Heinecke spoke highly of his adopted family.

“I have had a good life and I loved my adoptive parents, even though they were Nazis. … I had a good upbringing after the war. My parents gave me a good education, spells in London, Paris and Ireland. They believed in Nazism at the time but they weren’t war criminals and always did right by me,” Heinecke told The Daily Telegraph.

But other Lebensborn victims weren’t so lucky. Gisela Heidenrich, who was born in a Lebensborn home in Norway in 1943, told Der Spiegel in 2006 of how, when she was young, people referred to her as the “SS bastard.” Her mother, who worked for the program, refused to talk about Heidenrich’s father, she said.

During the last few years, more and more children of the Lebensborn program have started talking about their experiences. The opening of Holocaust archives at Bad Arolsen two years ago have helped people like Heinecke learn where they were born.

Background: Lebensborn

As the Jewish Virtual Library explains, the Lebensborn program began in 1935, as a response to Germany’s falling birth rate. The part of the program that encouraged “racially pure” women to have children with Nazi officers never produced as many children as hoped.

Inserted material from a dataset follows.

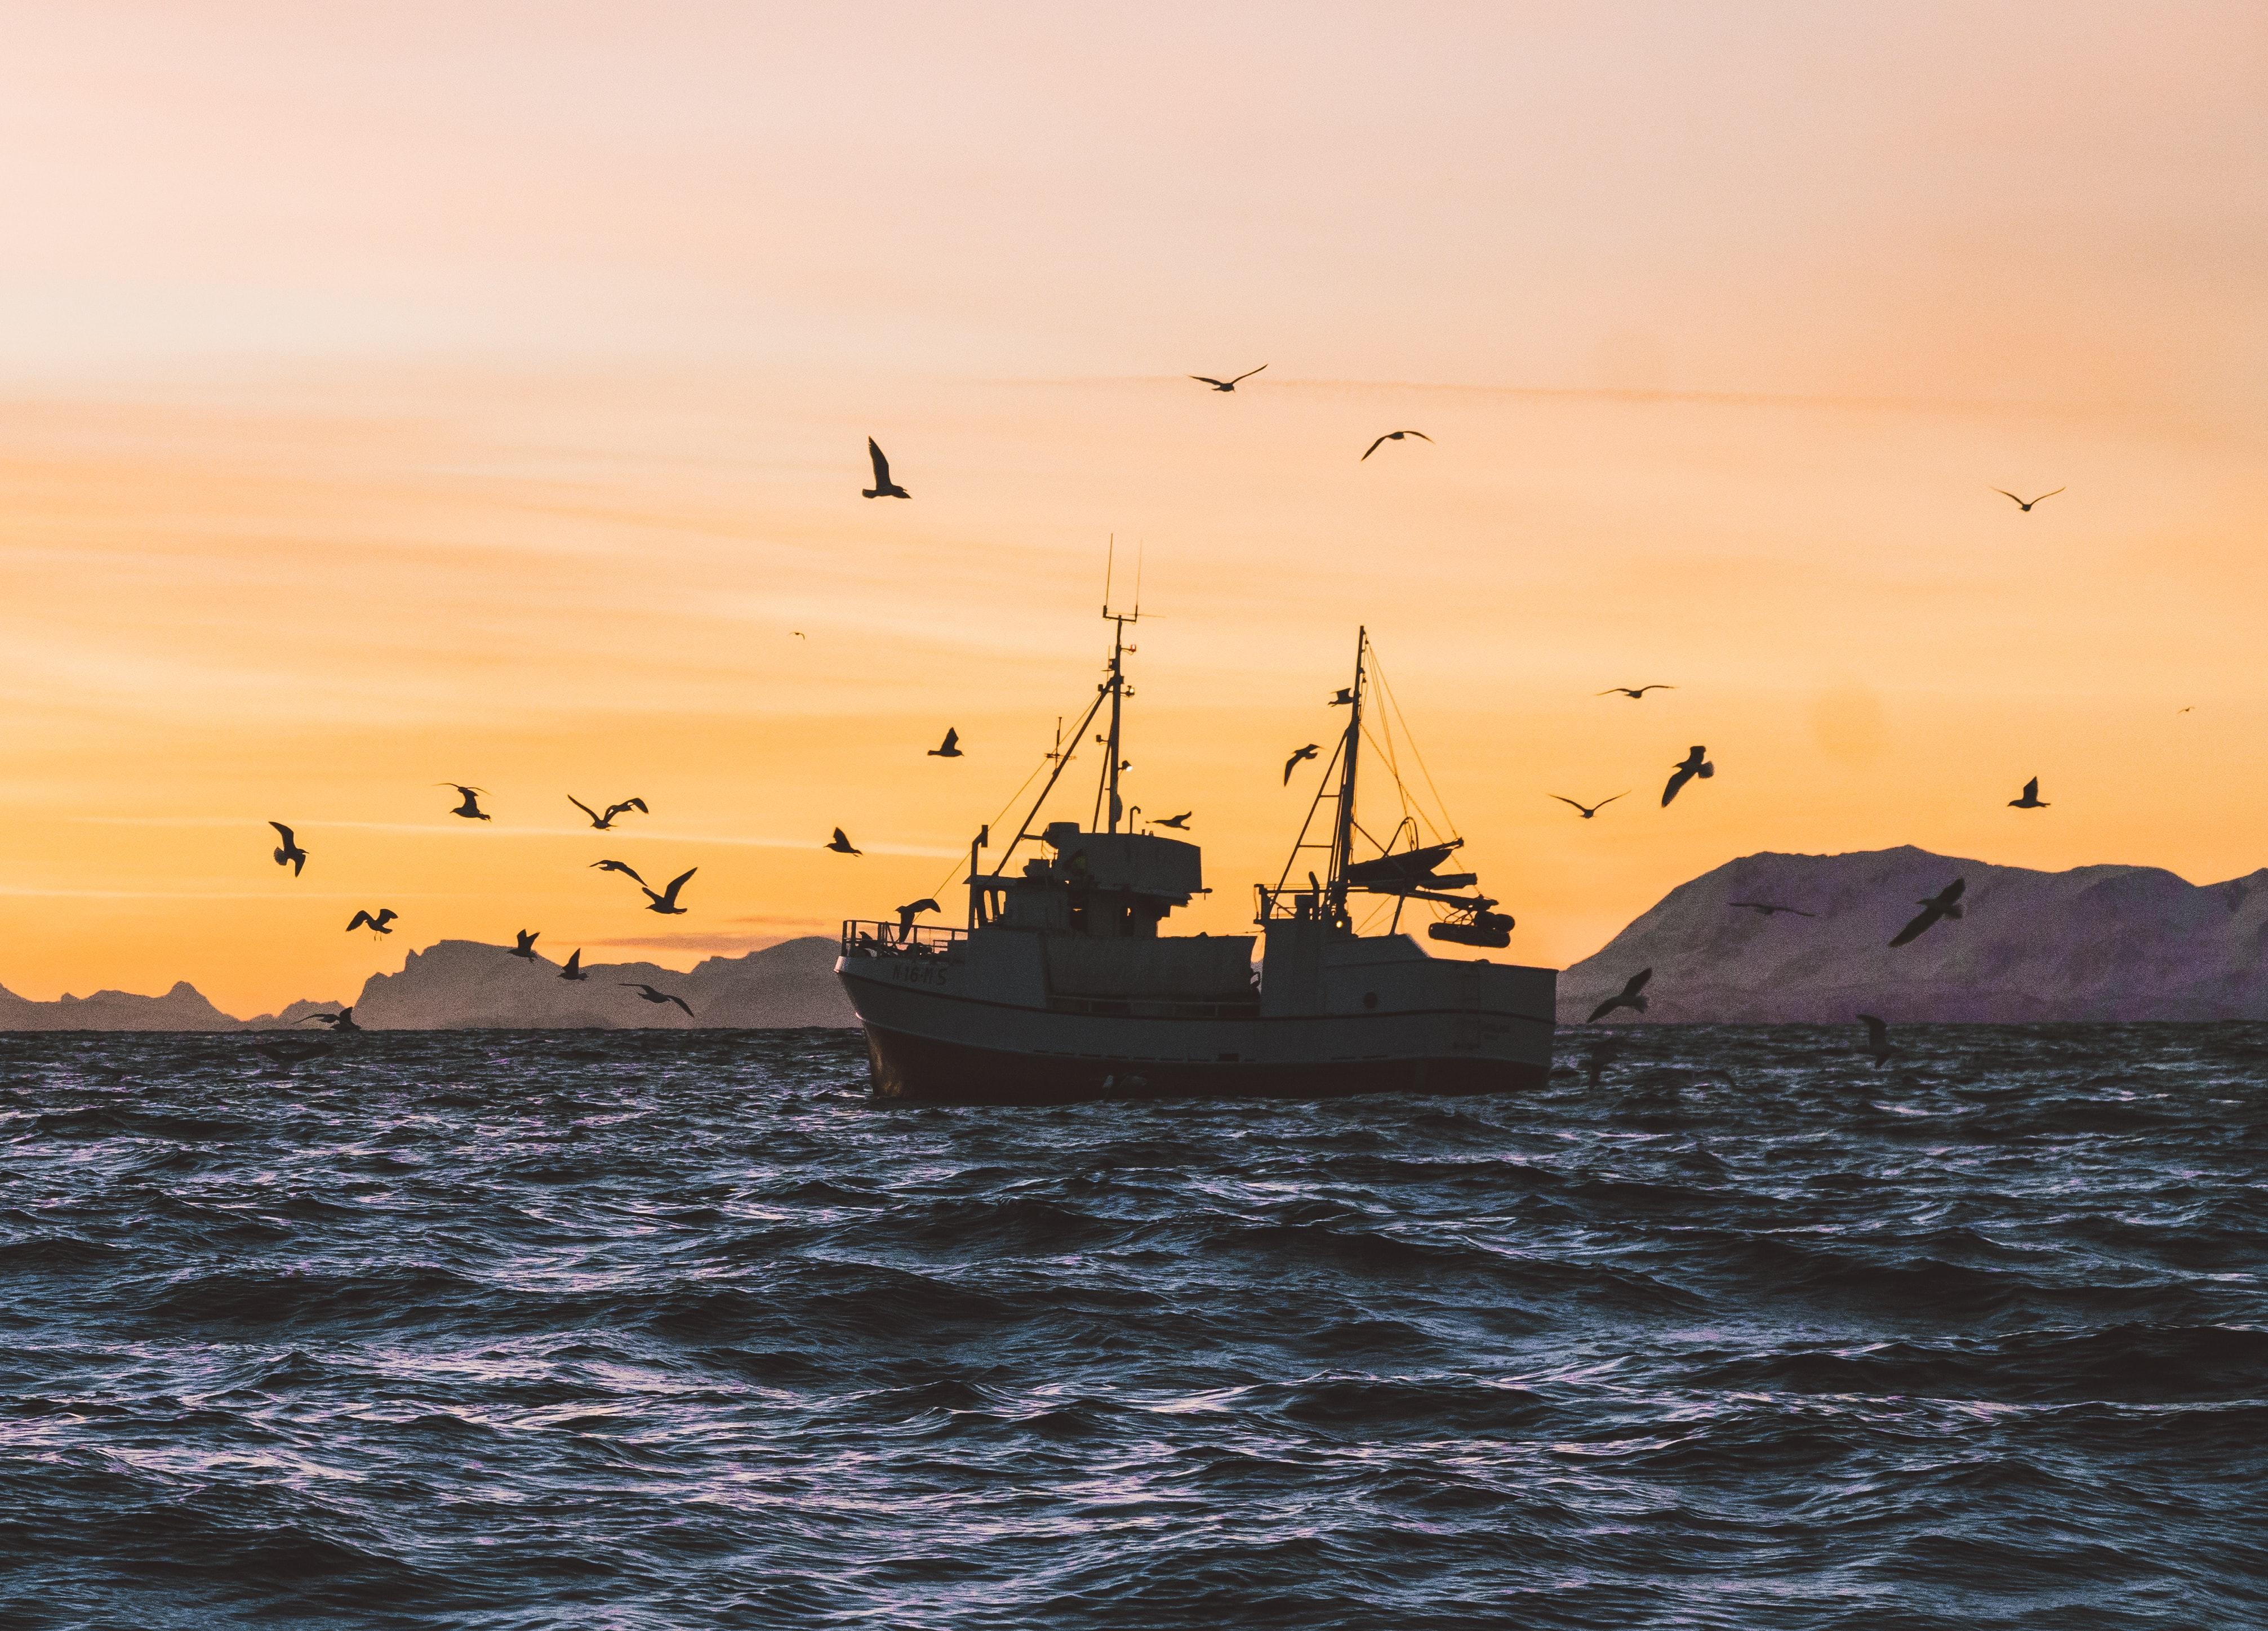 לתפוס ברשת את תאגידי הדיג העברייניים

Kidnappings started in 1939, and the children who were taken had to meet the Nazi criteria of blue or green eyes and blonde hair.

“Some of these children were orphans, but it is well documented that many were stolen from their parents’ arms,” the library says. “In these centers, everything was done to force the children to reject and forget their birth parents. As an example, the SS nurses tried to persuade the children that they were deliberately abandoned by their parents. The children who refused the Nazi education were often beaten,” the library said, adding that some children were killed, while others were adopted.

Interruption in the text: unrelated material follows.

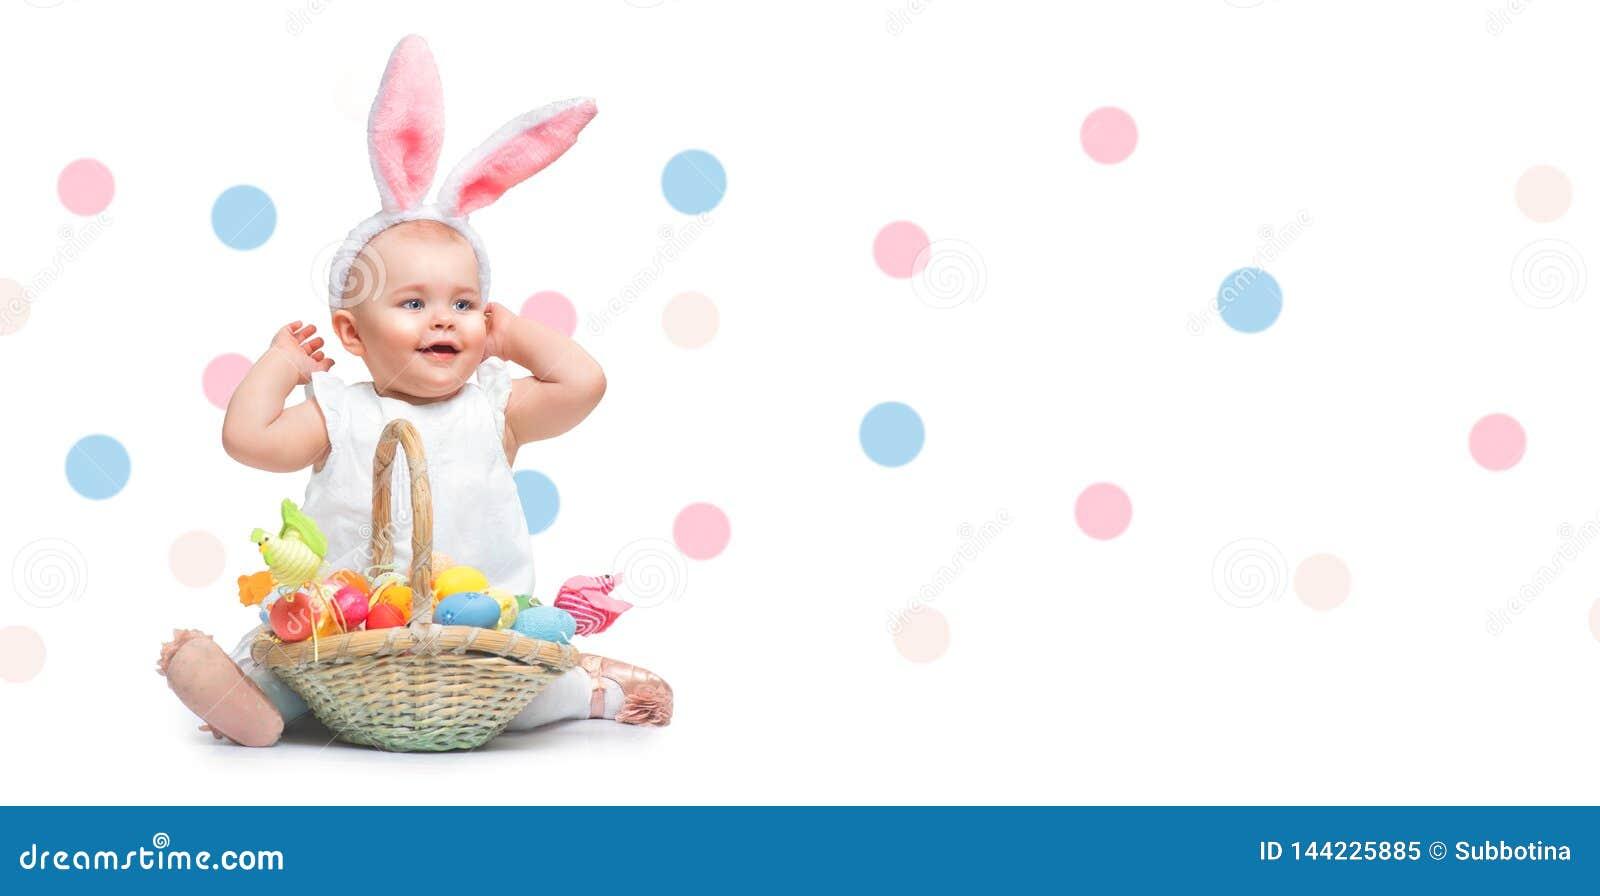 Όμορφο χαμογελώντας μικρό κορίτσι Πάσχας που φορά τα αυτιά κουνελιών λαγουδάκι, με ένα σύνολο καλαθιών των ζωηρόχρωμων χρωματισμέ

It was estimated that 250,000 children were kidnapped for Lebensborn, and after the war only about 25,000 were returned to their families.

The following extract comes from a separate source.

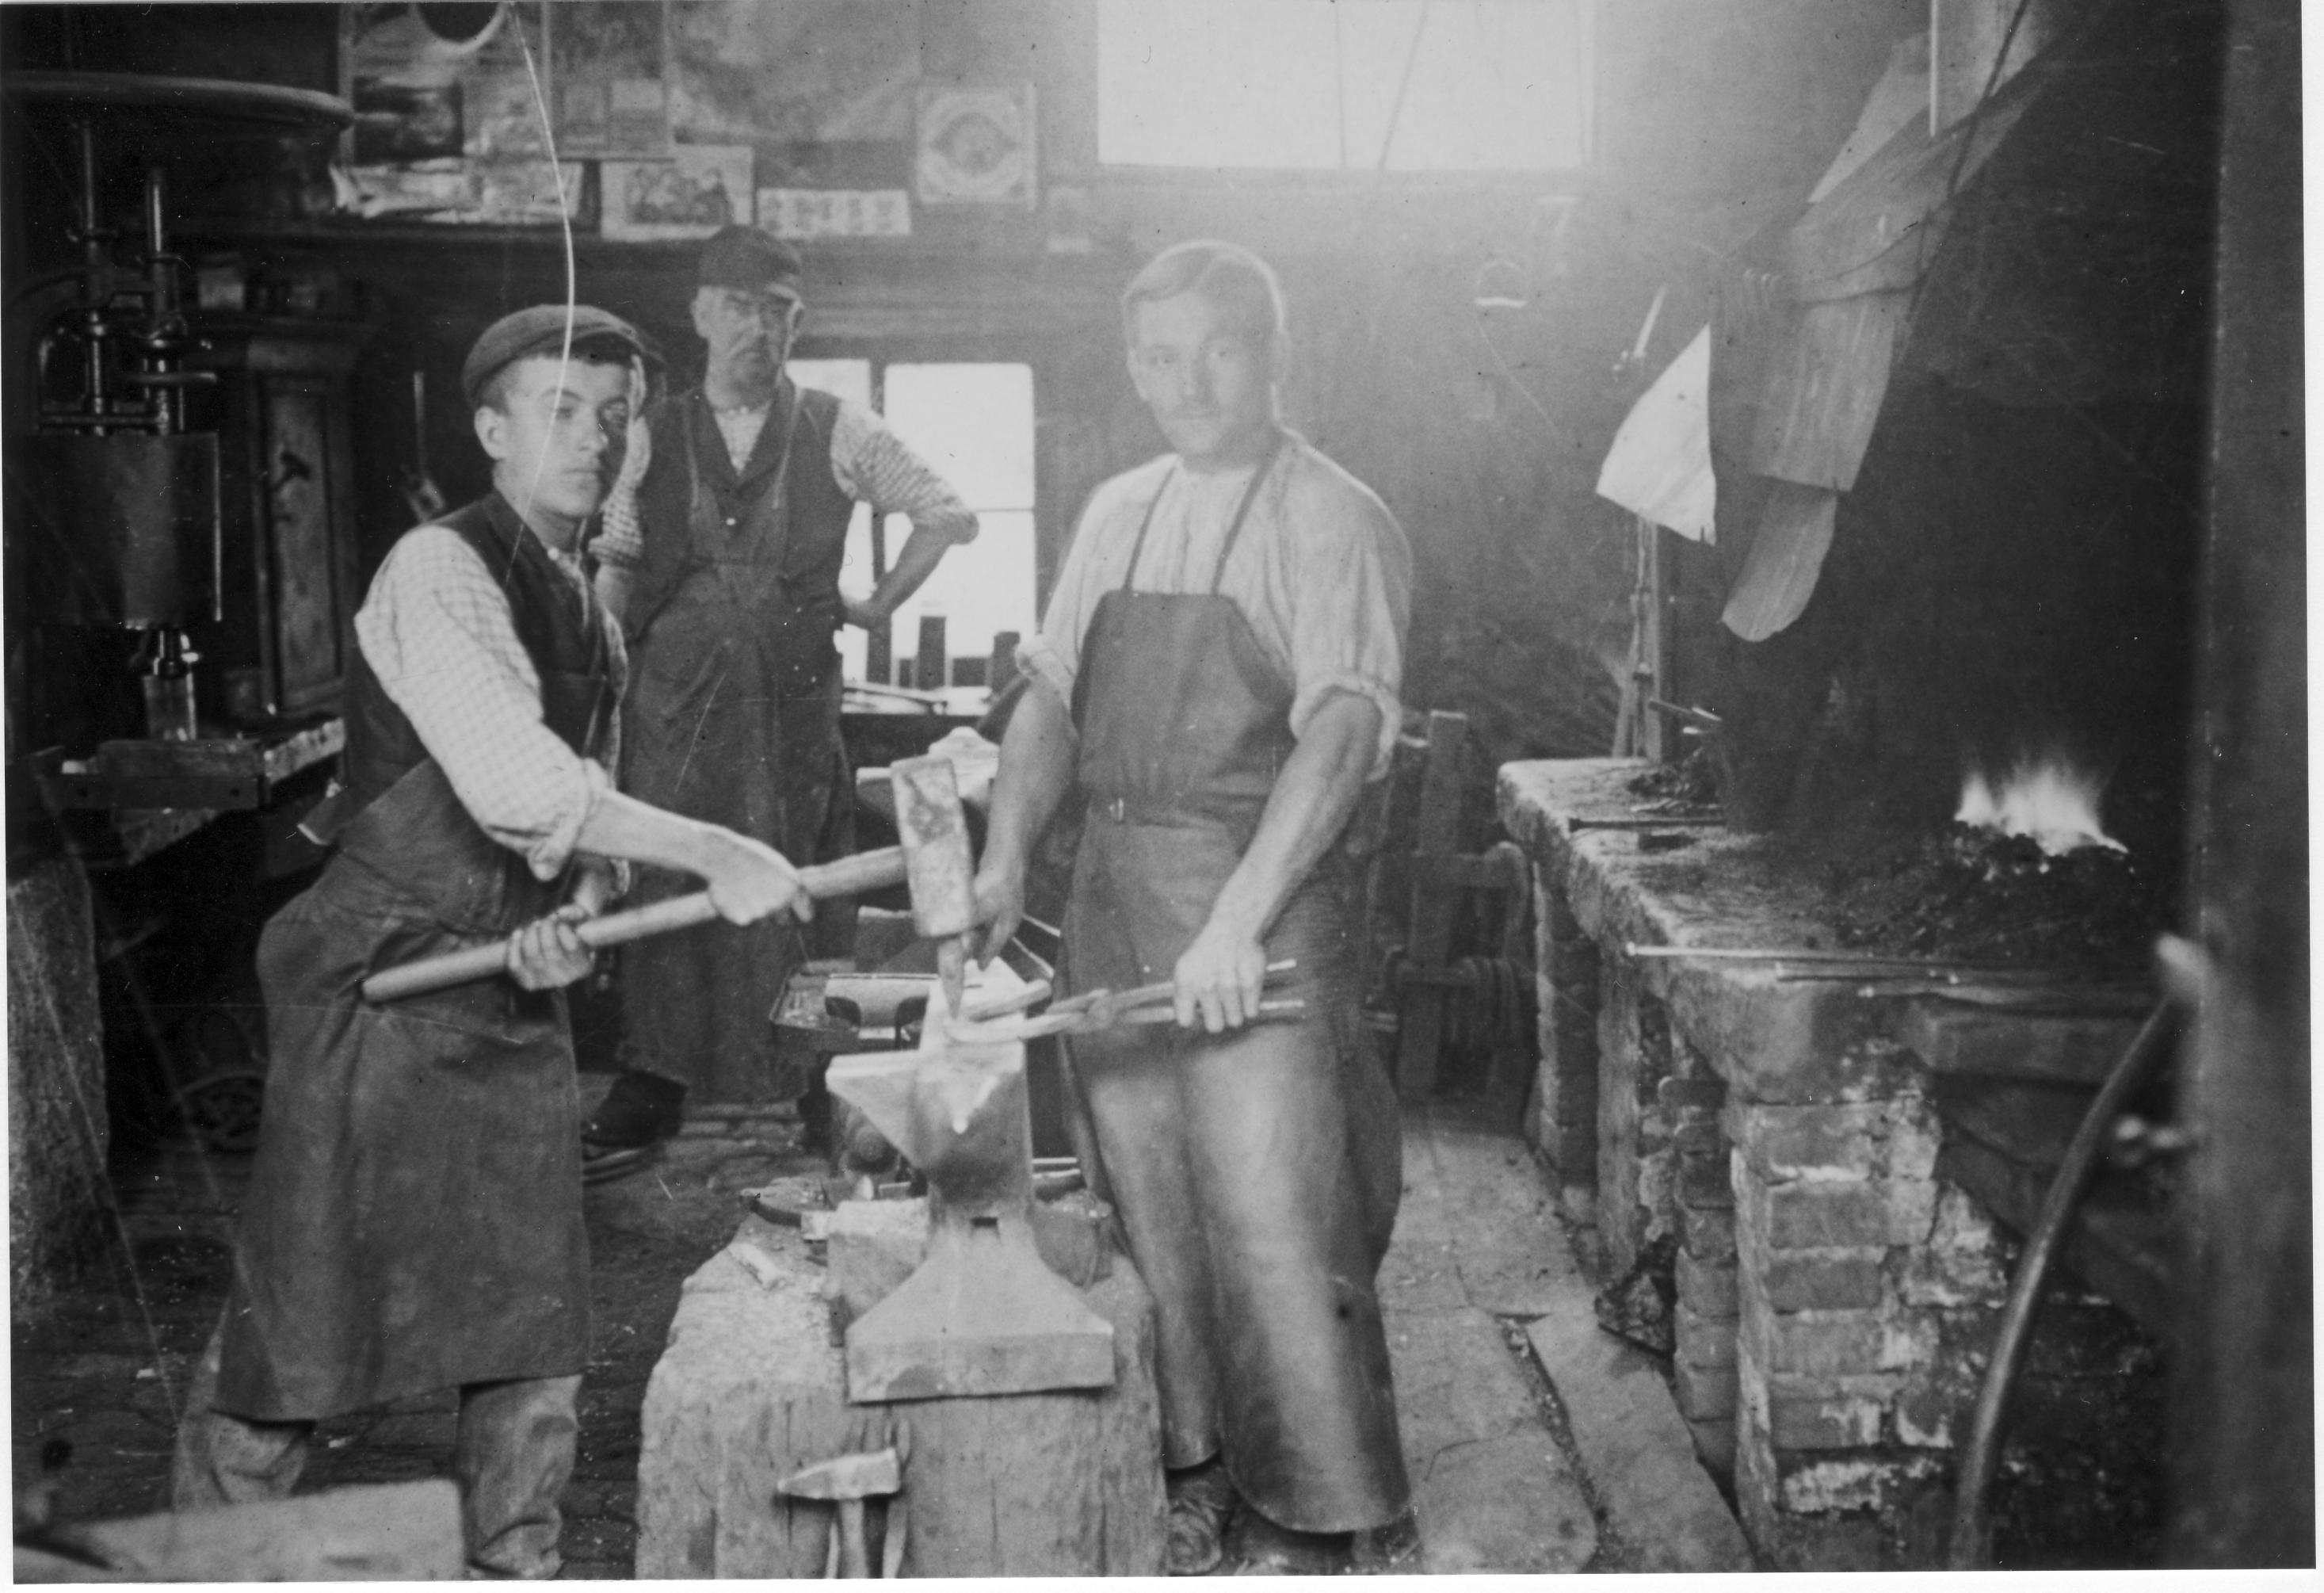 Arbeiter in der Schmiede

Key Player: Heinrich Himmler

Heinrich Himmler was one of Adolf Hitler’s top lieutenants, and set up the first concentration camp, Dachau, in 1933, according to the BBC. Himmler was born in 1900, served in World War I, and held a variety of jobs before joining the Nazi party. The BBC says Himmler was “obsessed with racial purity in Germany.” Himmler oversaw concentration camps, and the German police force in 1941, and became Minister of the Interior in 1943. As the war drew to an end, though, Himmler tried to negotiate with the Allies, drawing the wrath of Hitler, who took away all his responsibilities. The allies caught Himmler after Germany surrendered, and he committed suicide on May 23, 1945.

Related Topics: Saving children during World War II; kidnapping for religion

Some Polish children were “converted” from Judaism to Christianity in order to spare their lives. Irena Sendler, often called the Female Schindler, saved approximately 2,500 children from the Holocaust. Sendler was a Catholic who worked secretly with churches to save Jewish children from certain death by placing them with Christian families, giving them Christian names and forged documents. Sendler kept hidden records of all the children’s real names so they could later rediscover their families and religion. She died May 12, 2008.

Even today, children continue to be taken to populate special groups. For example, in May 2007, the Christian Broadcast Network wrote about reports of Christian children being kidnapped in Nigeria and placed in Muslim homes.